As a band that thrives on creativity and experimentation, Cropduster does not quite fit into the sugary landscape of pop music today. But Maurizi said he's optimistic about the future of music and confident that people will be over Britney Spears and friends in no time.

"Things go in cycles and the times in music now aren't all that different from the late 80's with Paula Abdul and The New Kids on the Block," Maurizi said. "Because of that, god things will happen.

Right now, Cropduster is part of The Music Syndicate, Inc., which starter in 1997 as a college and loud rock radio promotions company and later expanded to include a management department, street team, and We Put Out Records. Jon Landman was part of the original five that founded the grassroots, family-oriented establishment. When asked about the company's mission and reason for existing, Landman quickly responded with an explanation of the We Put Out Records moniker.

"The whole idea behind the name, besides that it sort of gets a chuckle every time you mention it," Landman said. "is that there are so many good bands out there without record deals and with what we do it was like, 'You know we should start putting records out.'"

Landman added that when he first heard Cropduster, he was skeptical.

"I was like, 'So what?' And then I was driving home from work one night, put them on and it was like the stars aligned. I don't know what happened."

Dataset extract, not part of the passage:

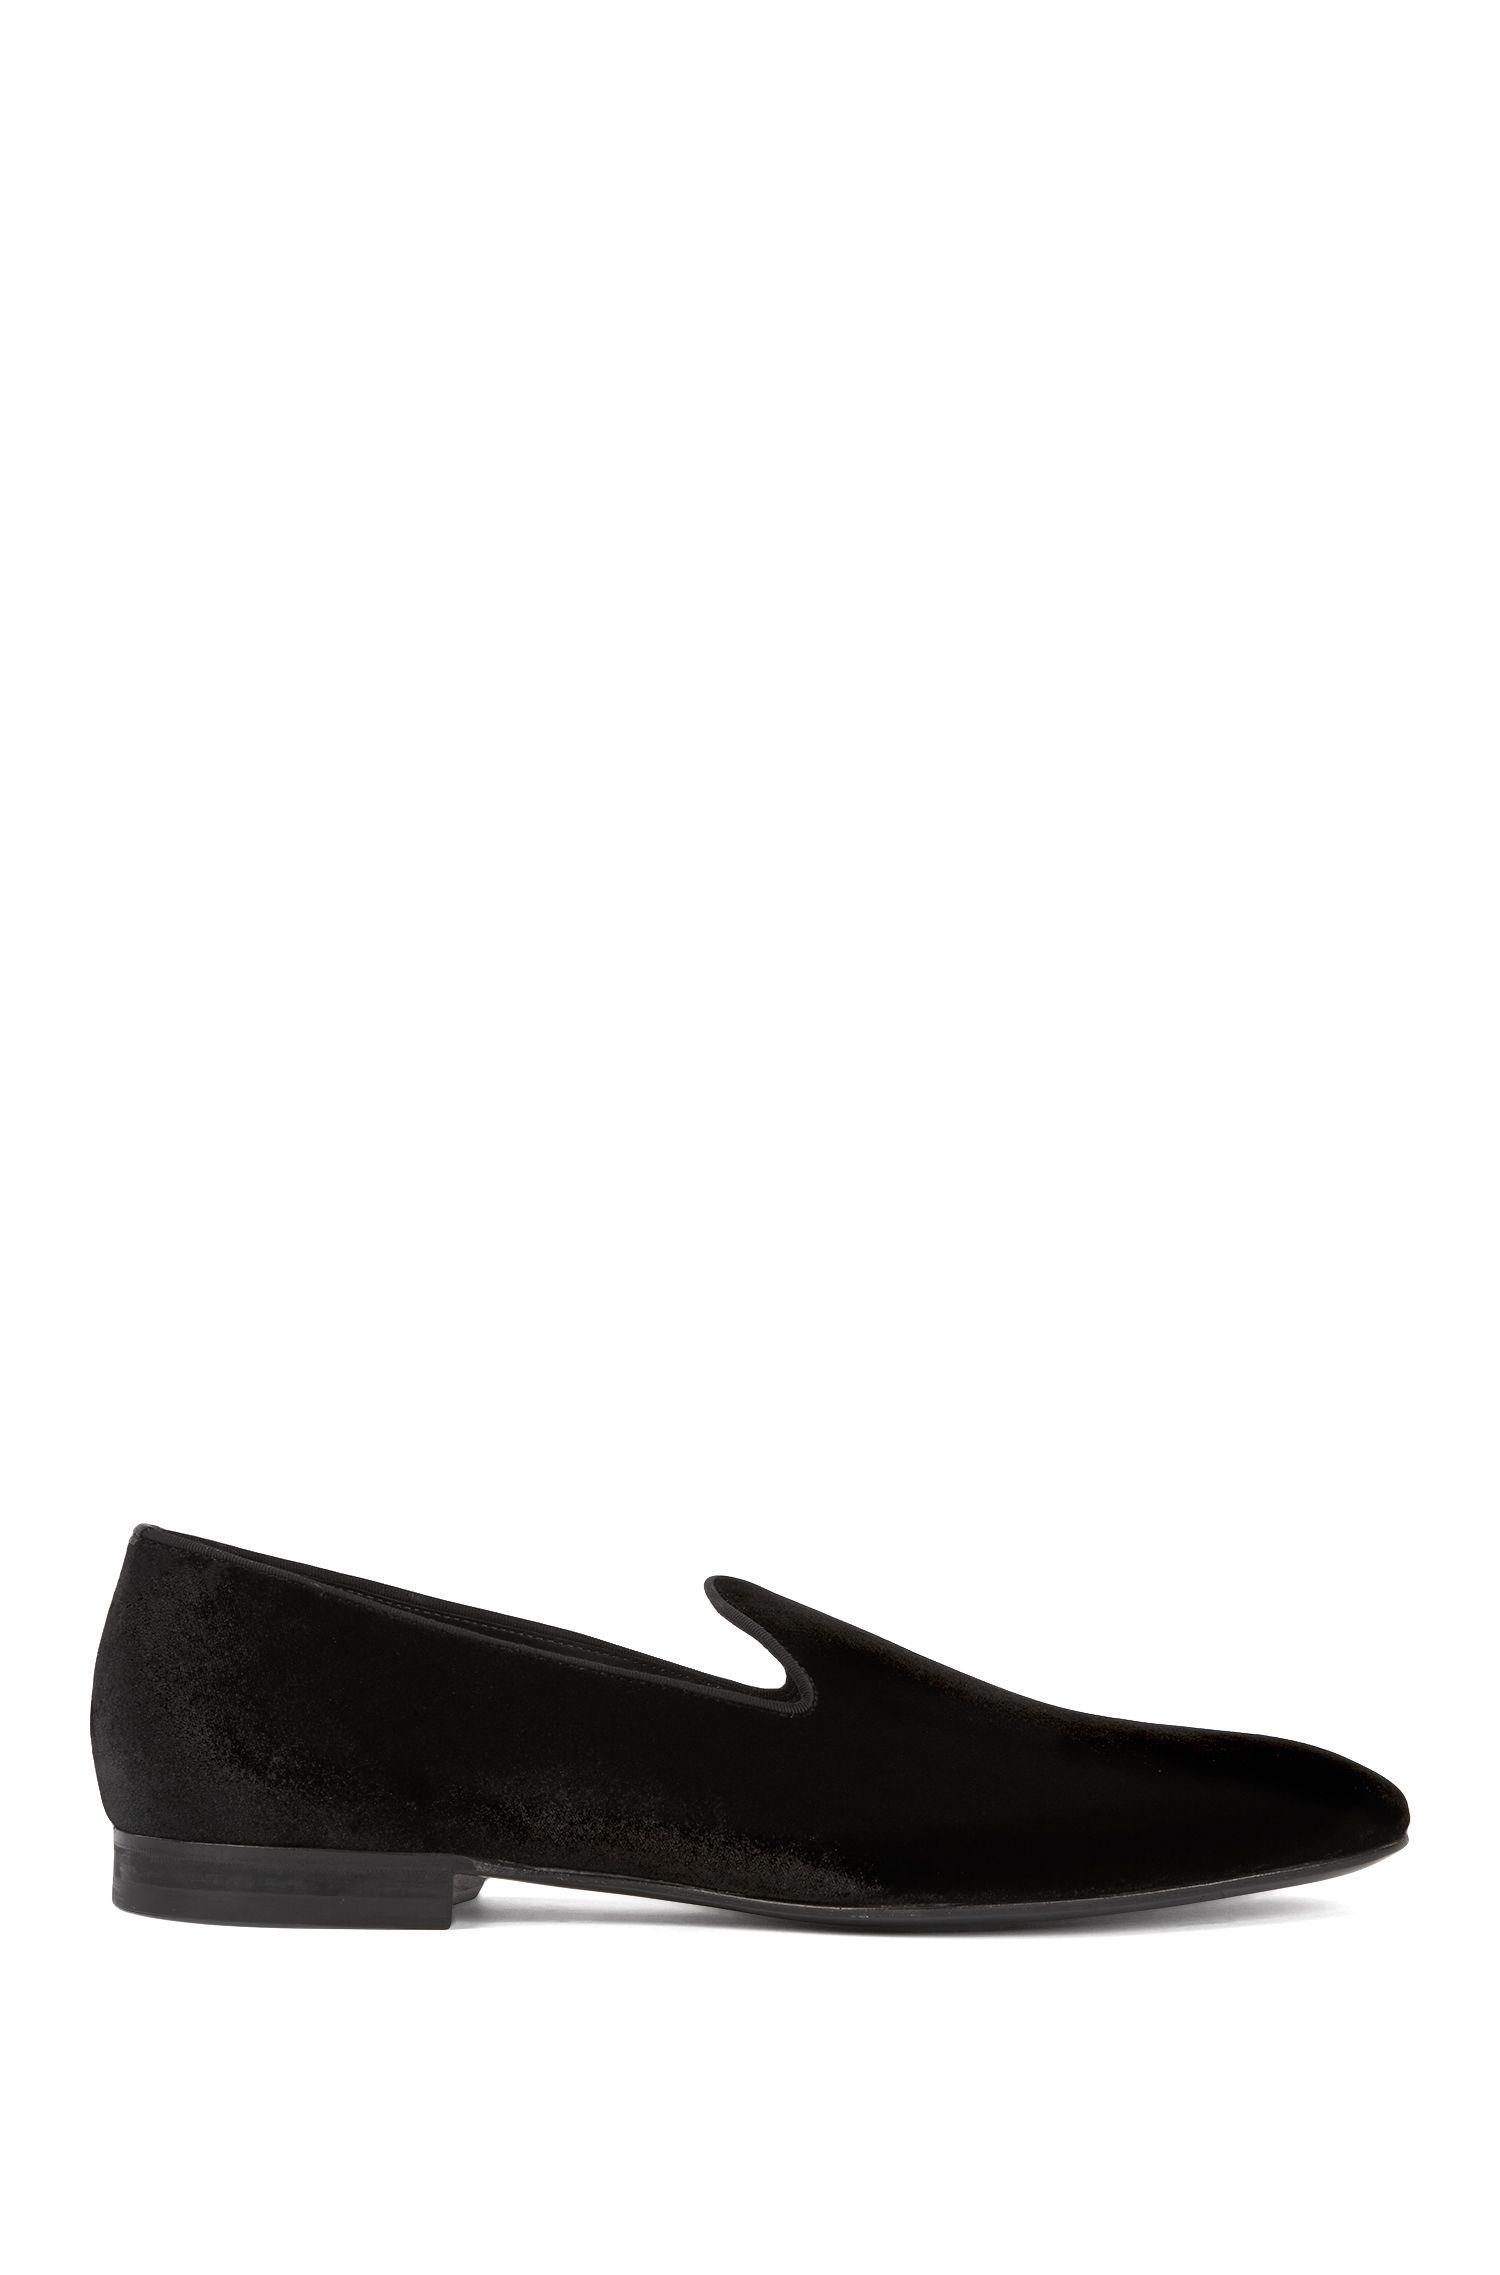 Slip-on evening shoes in dégradé velvet, Black
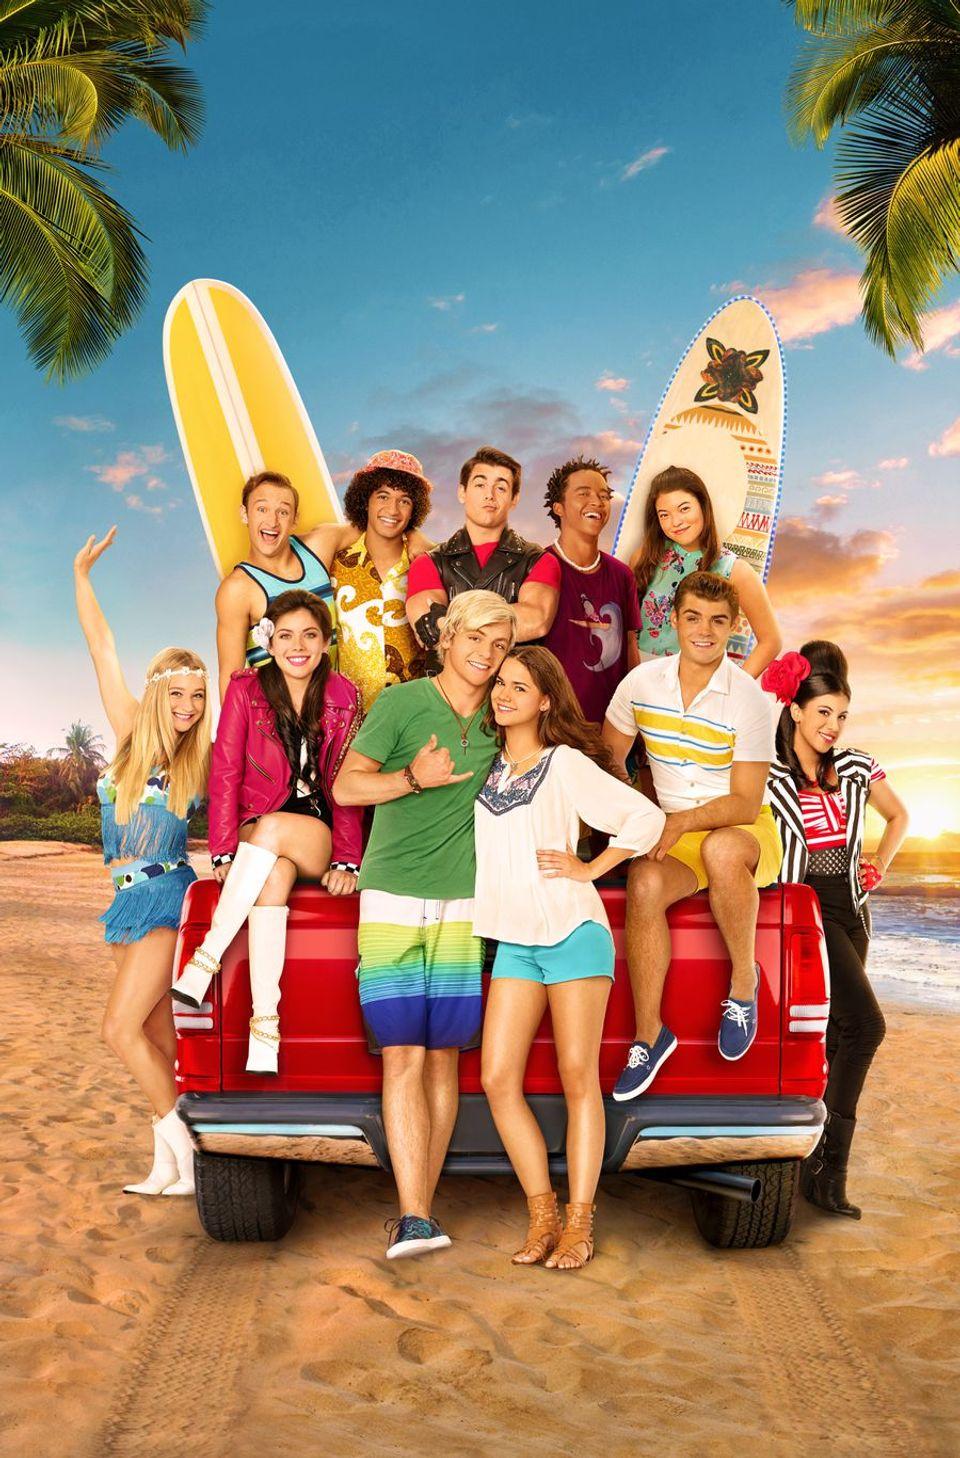 """ภ.ฝรั่ง """"หาดสวรรค์ วัยฝัน วันใส 2"""" (DISNEY TEEN BEACH 2)"""

If any of the major labels come knocking now that Cropduster is starting to receive some attention, Maurizi said that he would be careful about making the move to the big, commercialized leagues.

"We wouldn't just sign to a major label deal," he said. "Anyway, it would be really cause they were telling us 'we don't like this song' or 'we need more hits.'"

"We would be like 'fuck you' because this is what you're getting. If you don't want to put it out, don't put it out."